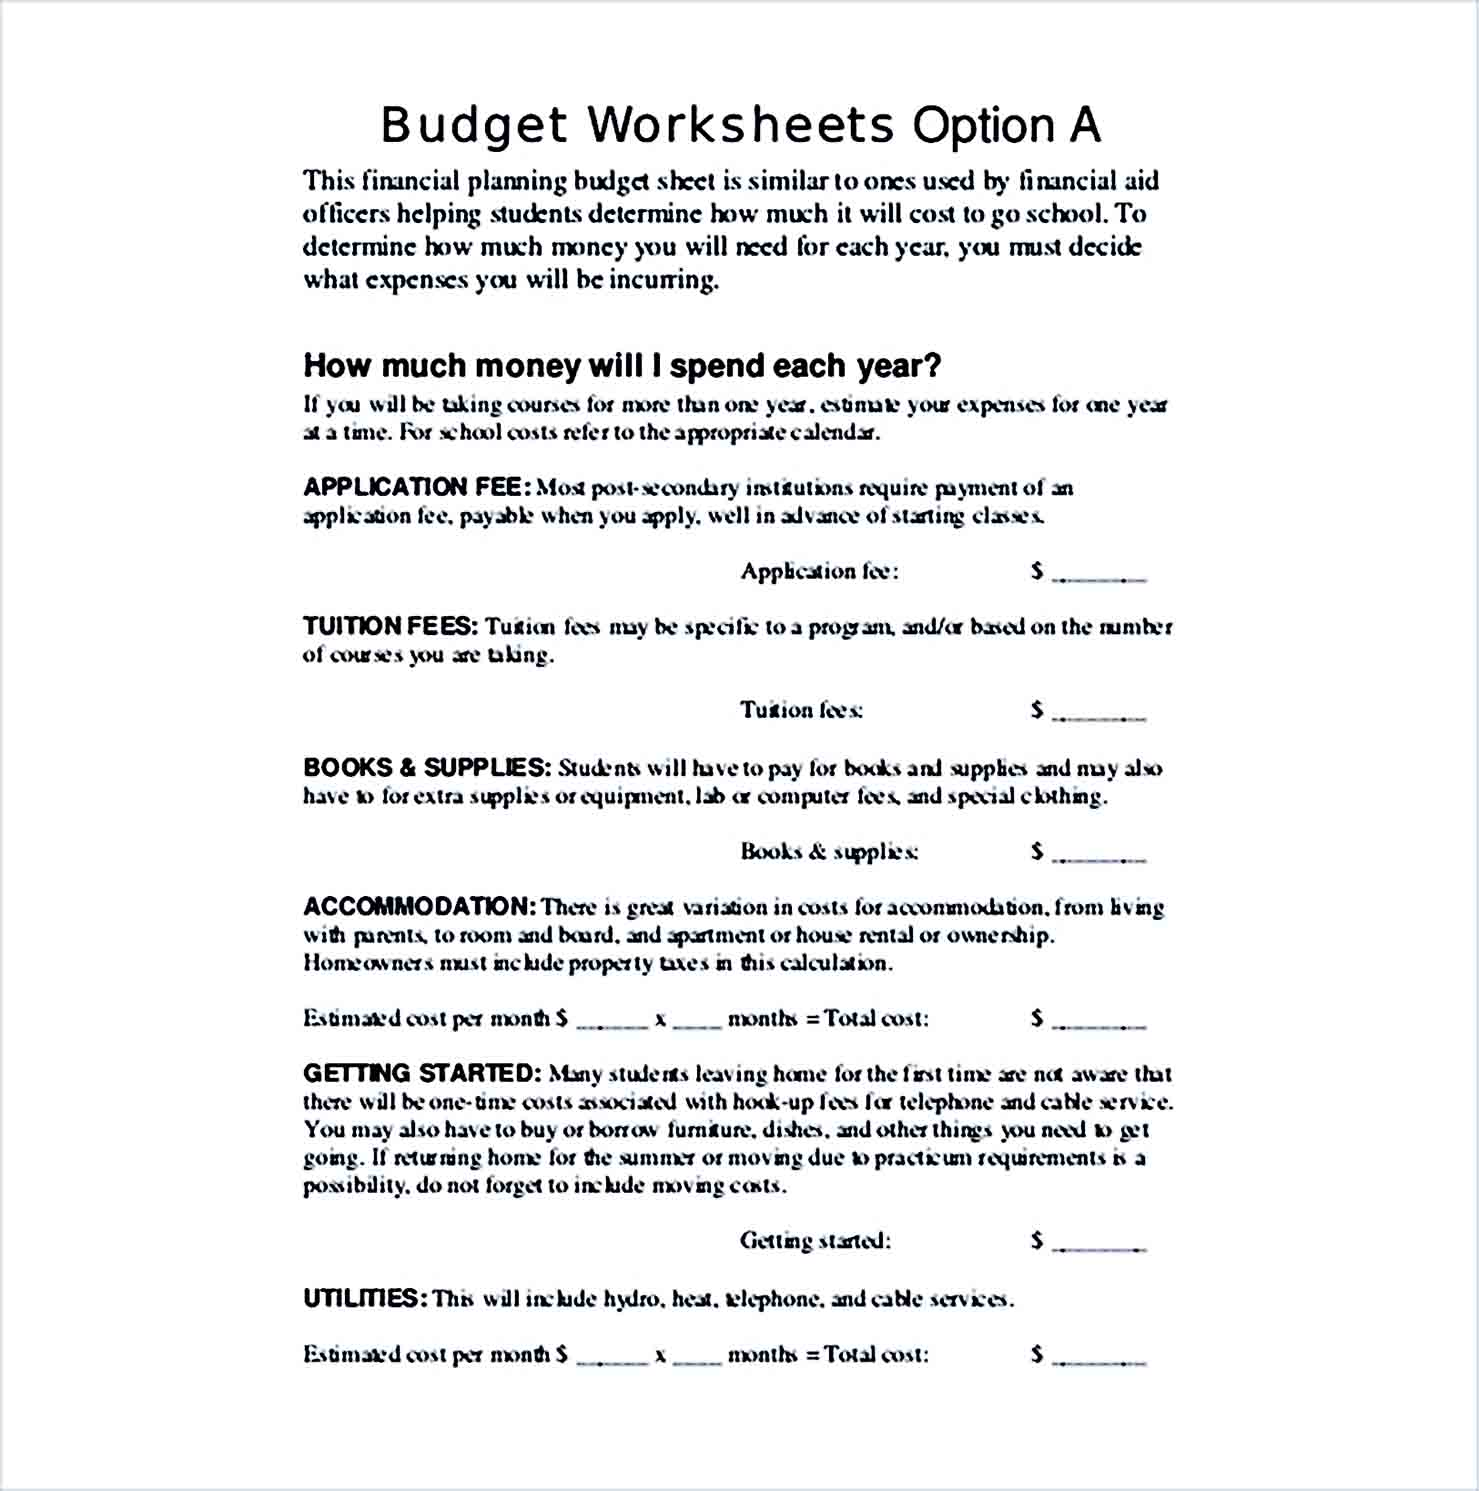 Sample FINANCIAL PLANNING BUDGET SHEET
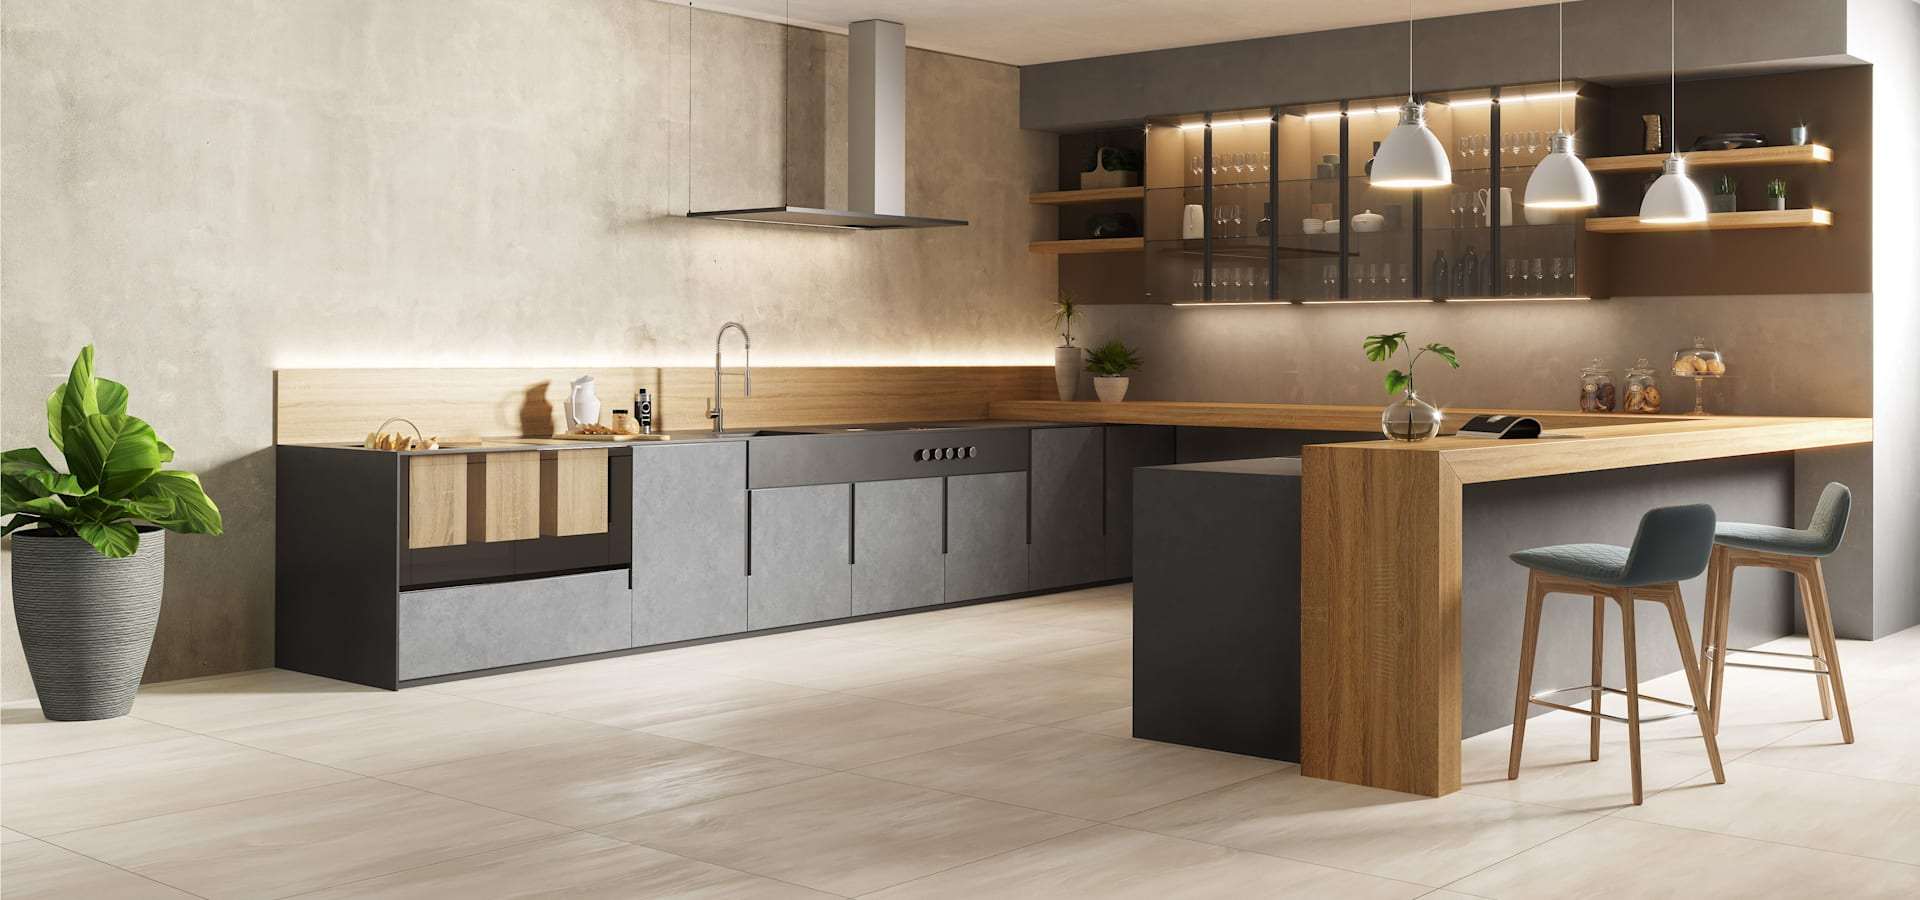 Gonçalrochas – Cozinhas – Love Kitchen
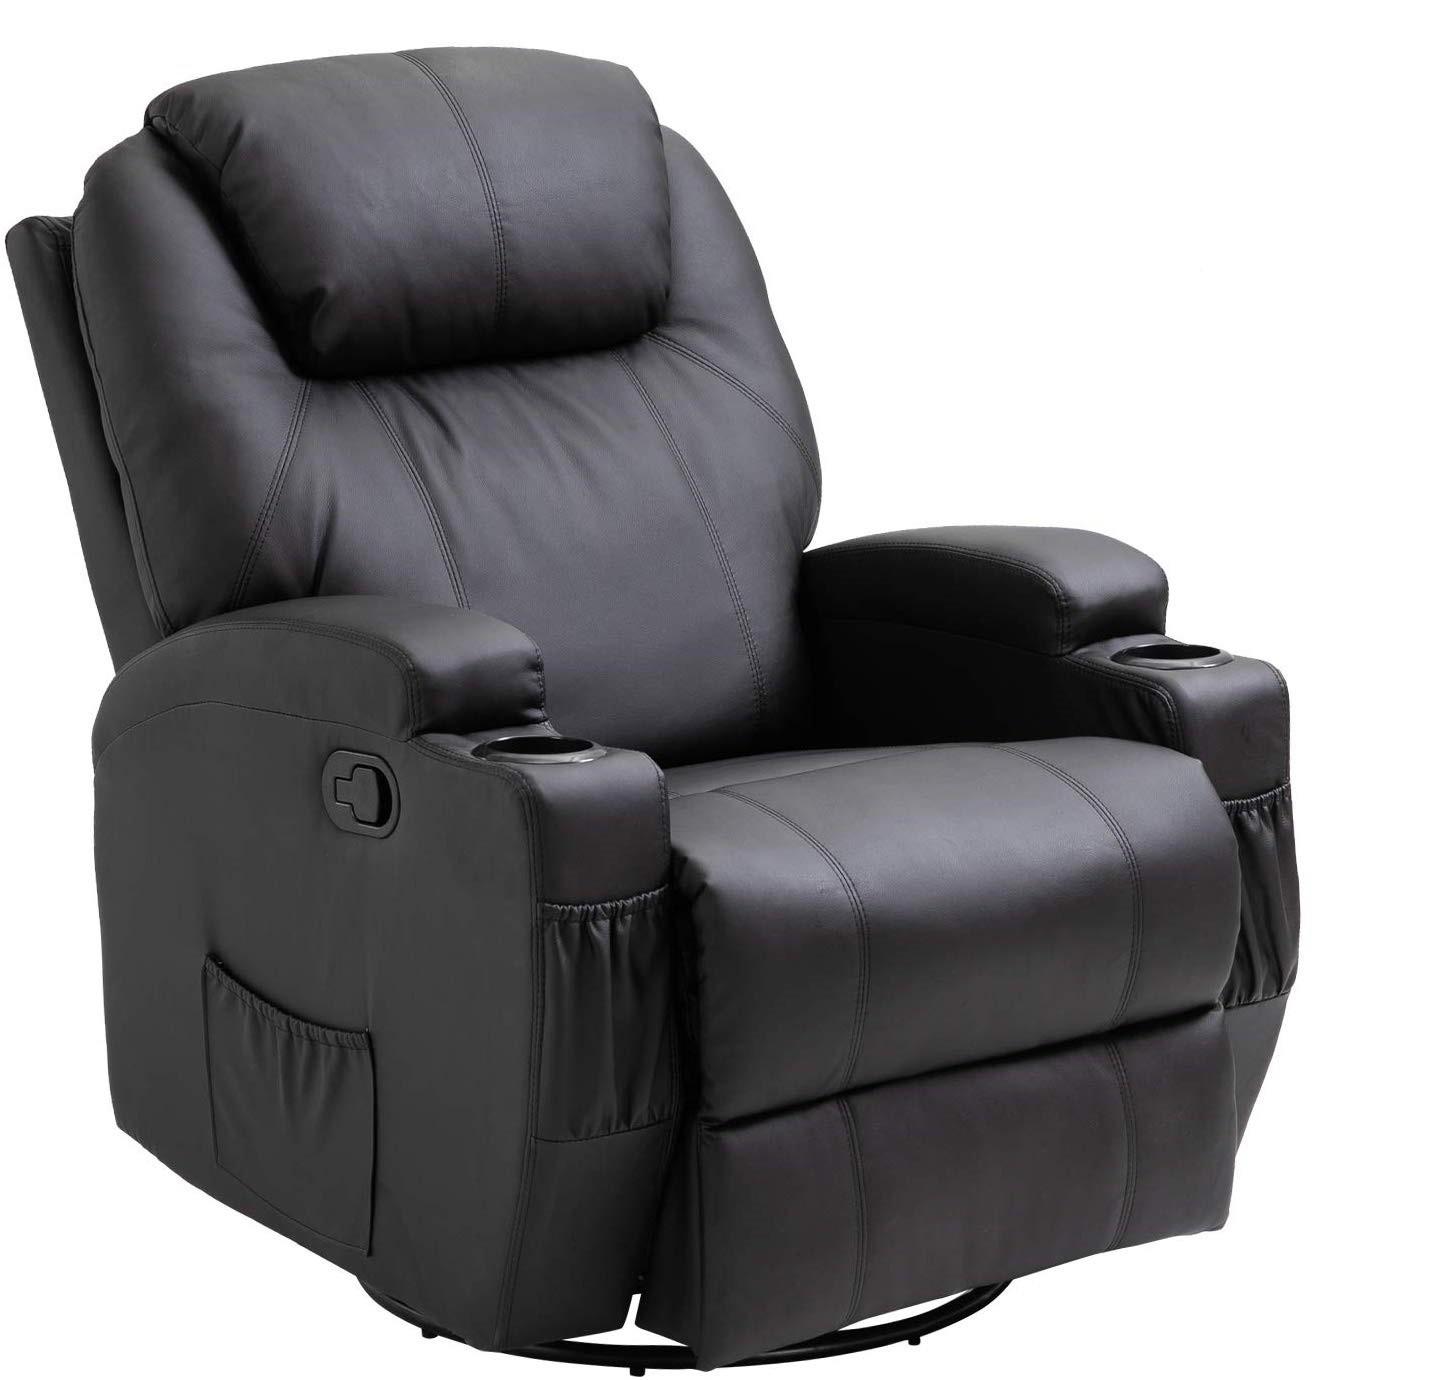 HomCom Massage and Heating recliner

══════════════════════════════

Please give again only those lines that run from the one containing "Gonçalrochas – Cozinhas – Love Kitchen" through the final line of the listing, both included, exactly as written and without pictures.

 Gonçalrochas – Cozinhas – Love Kitchen
 HomCom Massage and Heating recliner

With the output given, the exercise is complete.